Et puis le respect. Nous abordons de parfaits inconnus, qui acceptent généreusement de se prêter au jeu. Il est donc normal de leur montrer qu’on les respecte. On ne va pas être trop tactile dans notre approche, on va faire attention à ce qu’ils se sentent toujours bien, et surtout qu’ils repartent avec le sourire jusqu’aux oreilles et cette sensation inoubliable d’avoir appris à mieux se connaître grâce à l’hypnose. Il est hors de question de laisser repartir une personne après une séance d’hypnose de rue avec un mal de tête par exemple. Encore une fois, c’est peut-être évident pour tous ceux qui nous lisent, mais croyez-moi il n’est jamais inutile de le répéter.
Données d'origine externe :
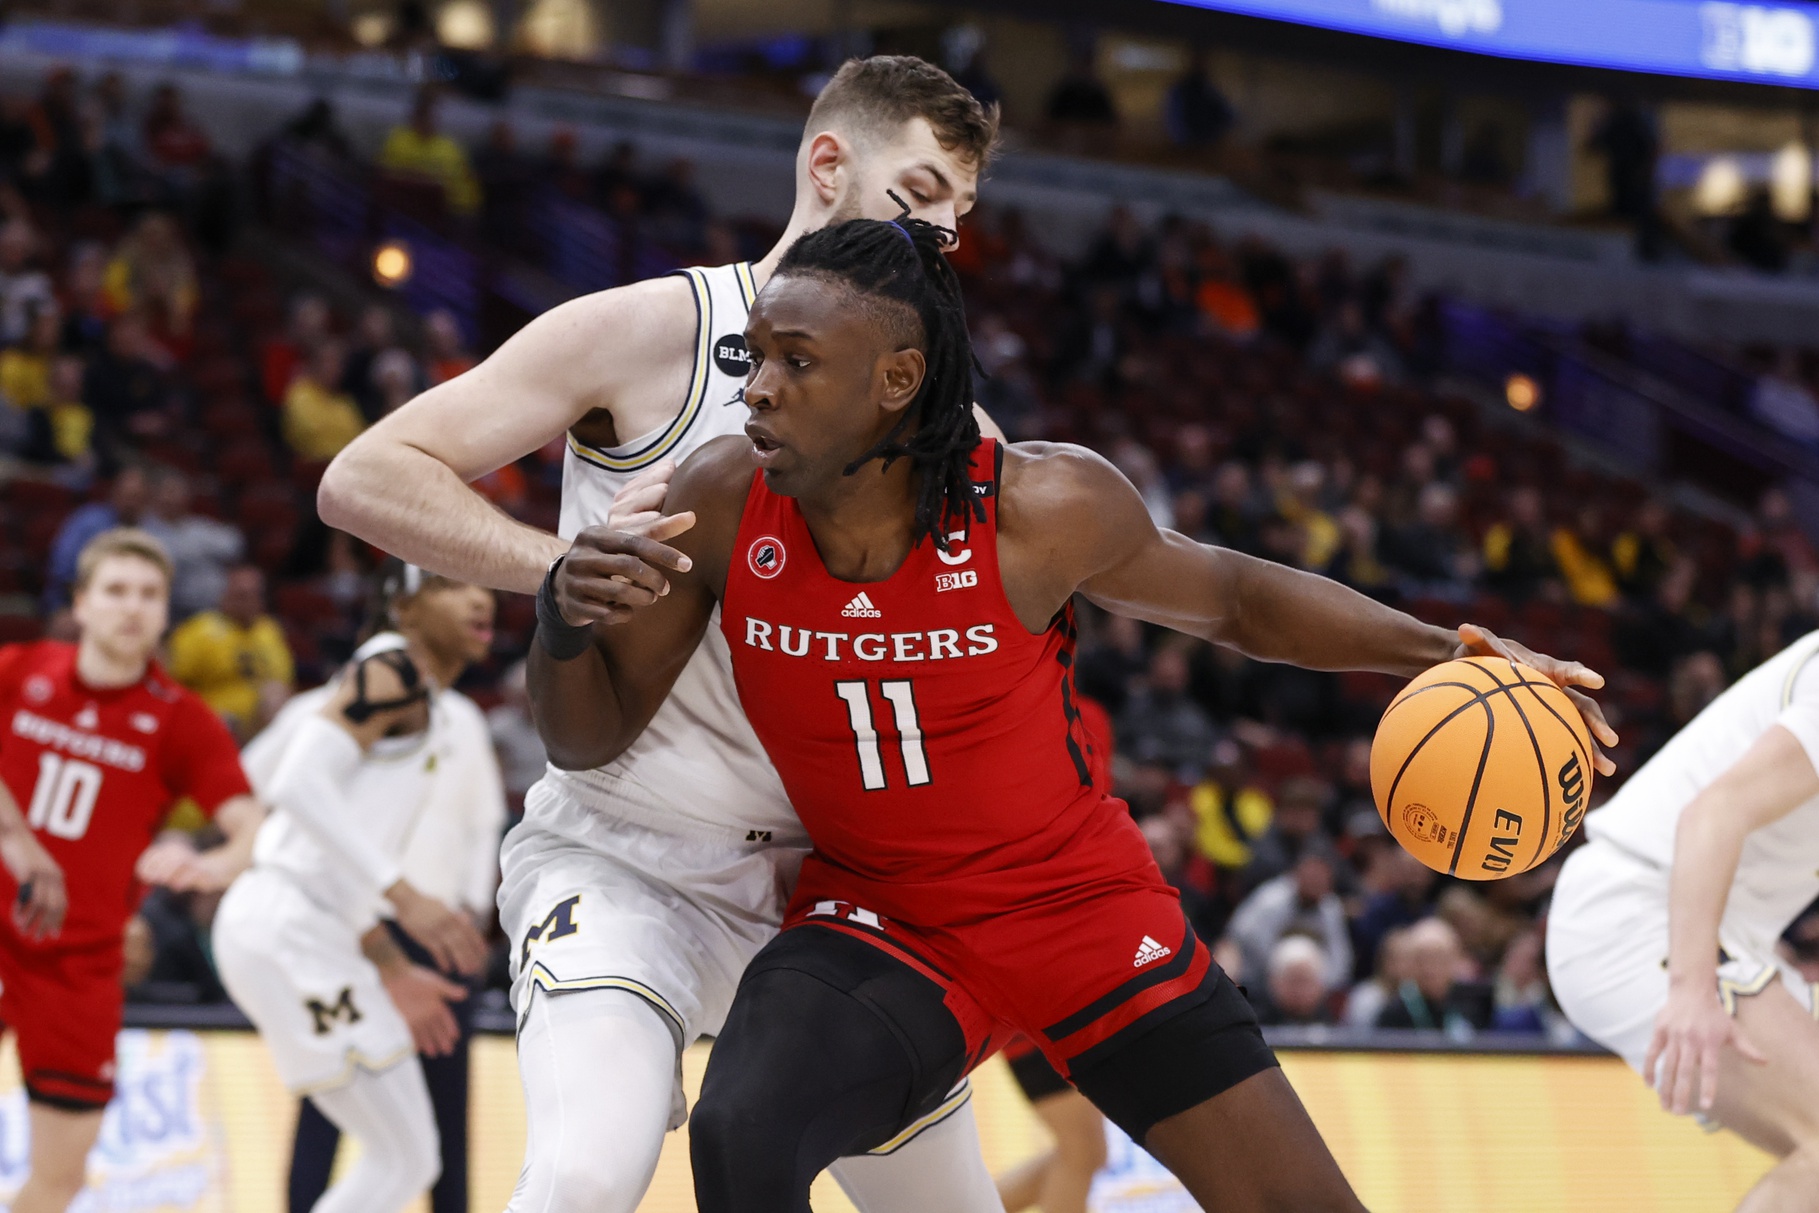 Mar 9, 2023; Chicago, IL, USA; Rutgers Scarlet Knights center Clifford Omoruyi (11) drives to the basket against Michigan Wolverines center Hunter Dickinson (1) during the first half at United Center. Mandatory Credit: Kamil Krzaczynski-USA TODAY Sports
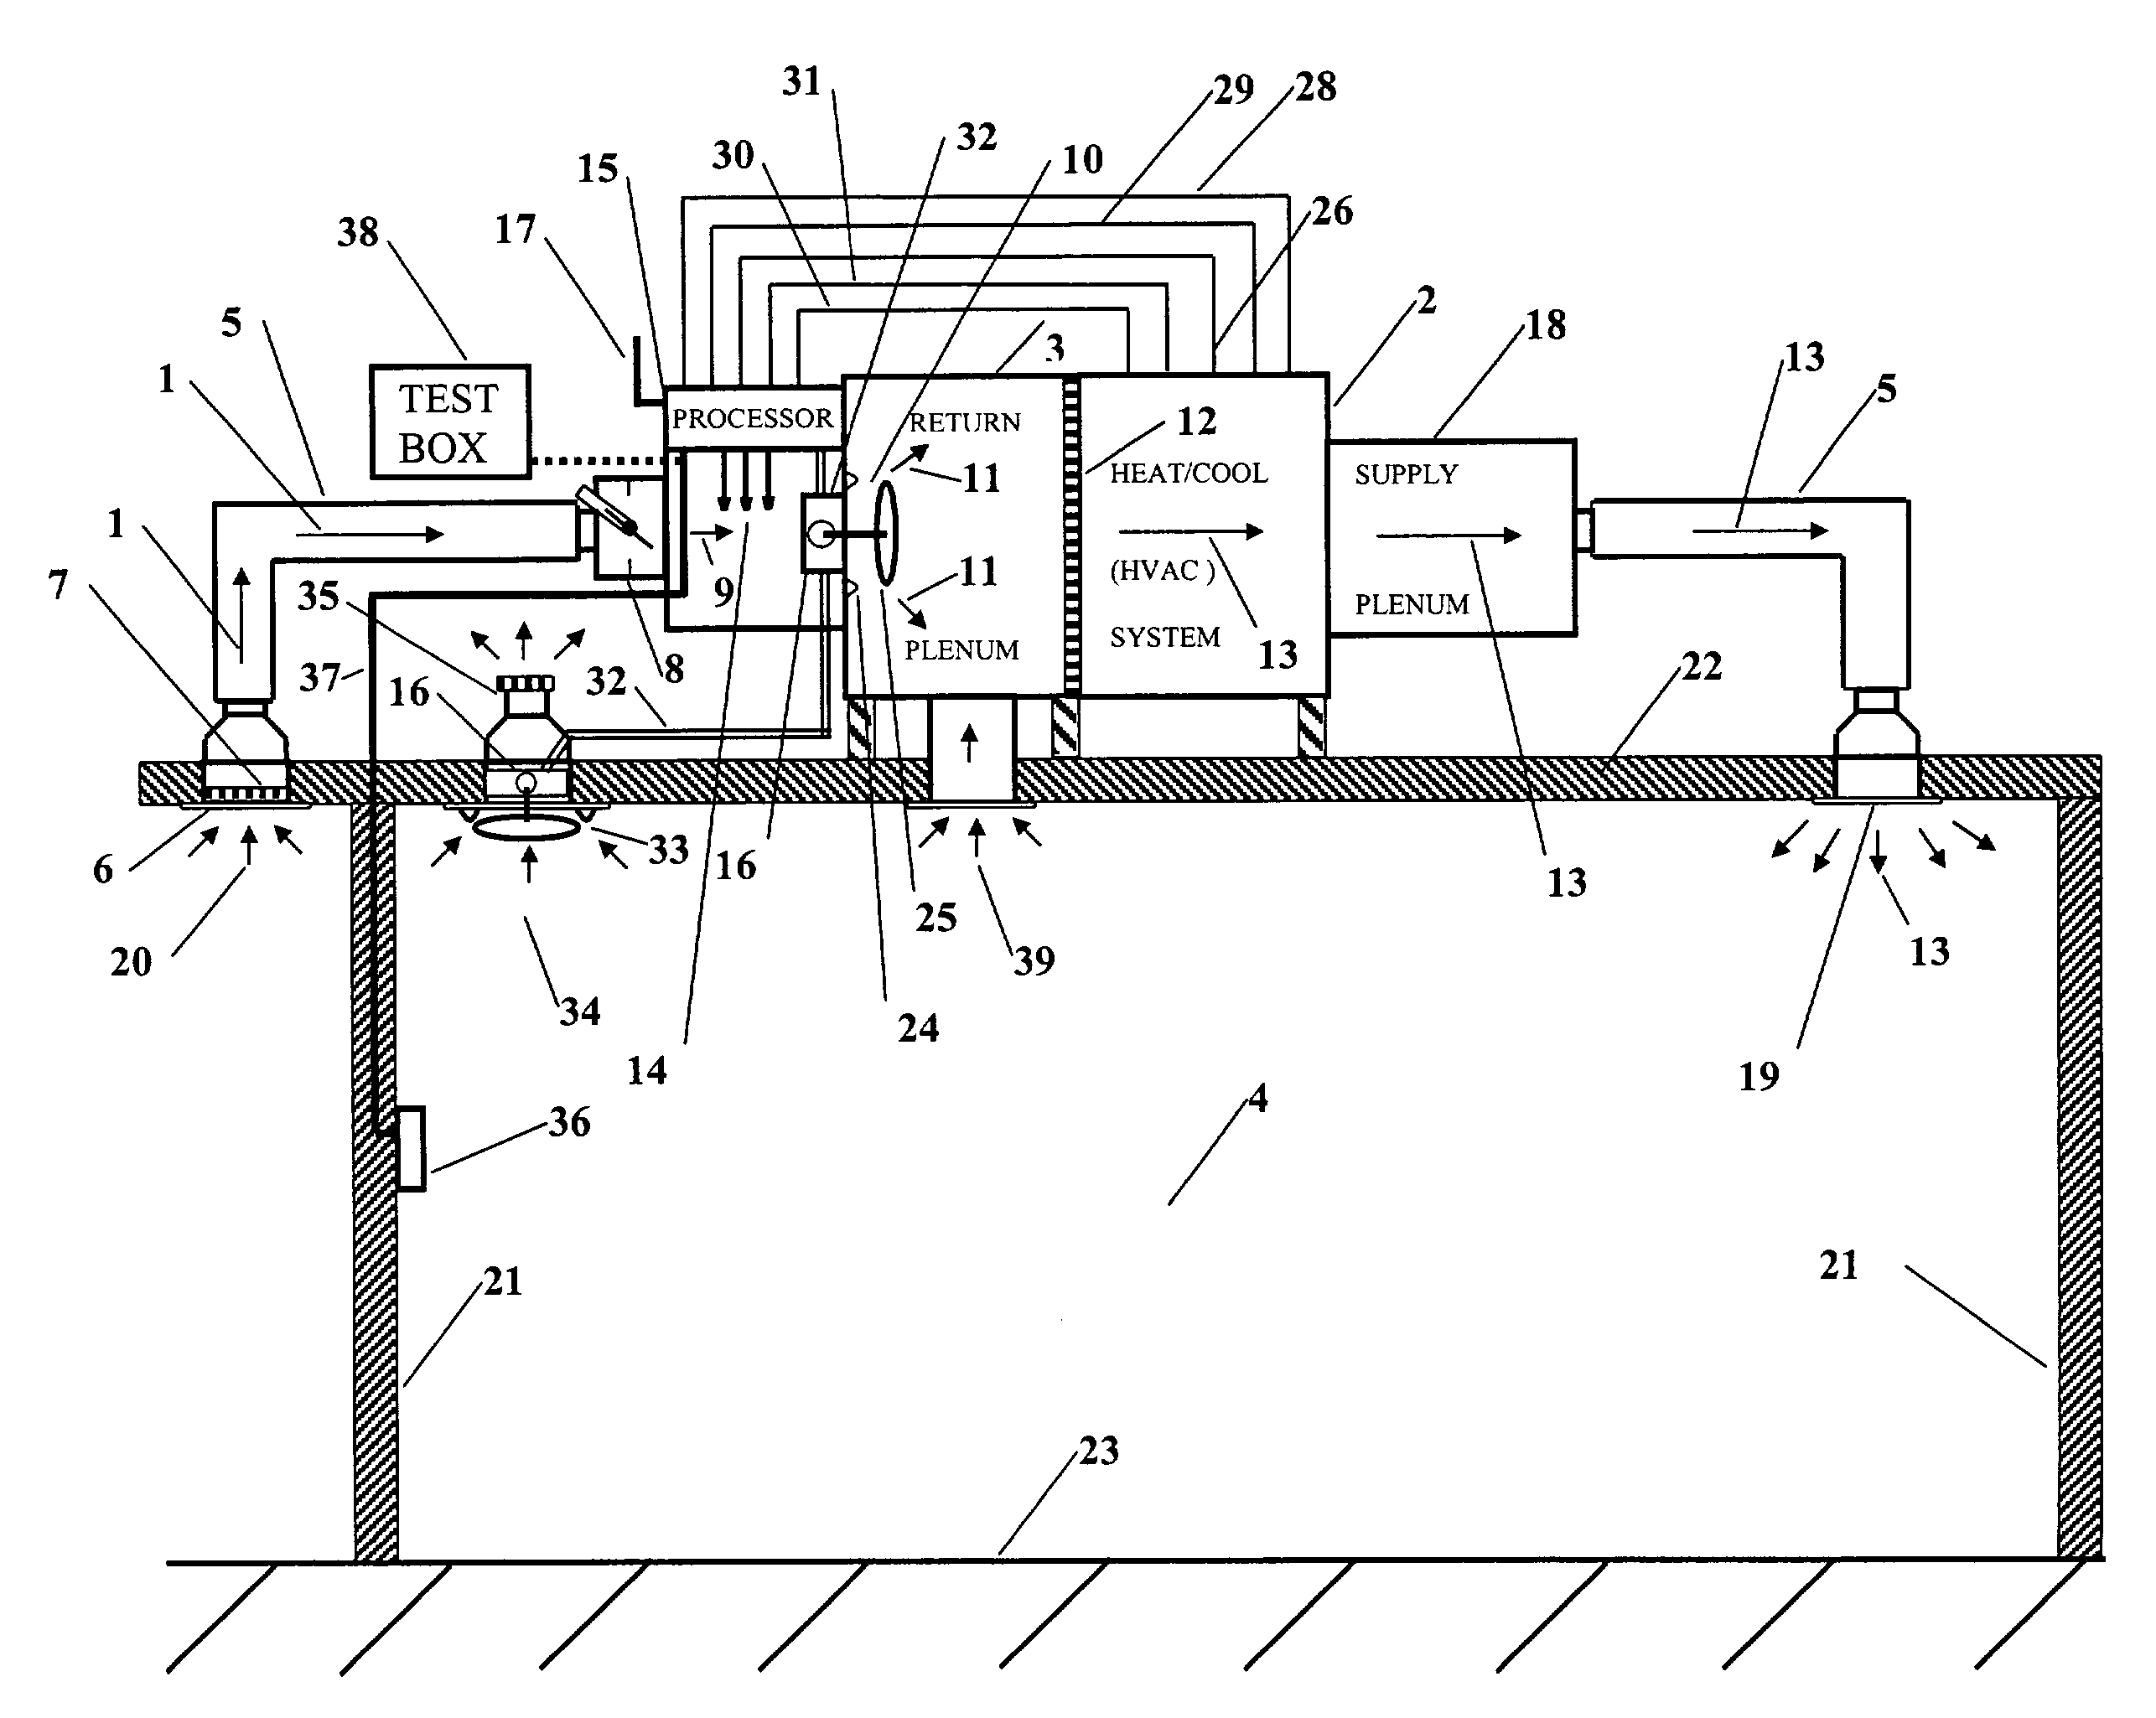 Method and apparatus for sampling and controlling ventilation airflow into a structure

JDP : Il semble quand même qu’un certain nombre de jeunes n’ont pas pris le temps de lire vos recommandations éthiques. Au vu de certaines vidéos, beaucoup de vos membres s’en sont émus sur le forum. N’avez-vous pas ouvert l’hypnose à des personnes immatures et/ou irresponsables ?
JEC : Certainement… Et à chaque fois, je me repose l’éternelle question : « dois-je continuer ? »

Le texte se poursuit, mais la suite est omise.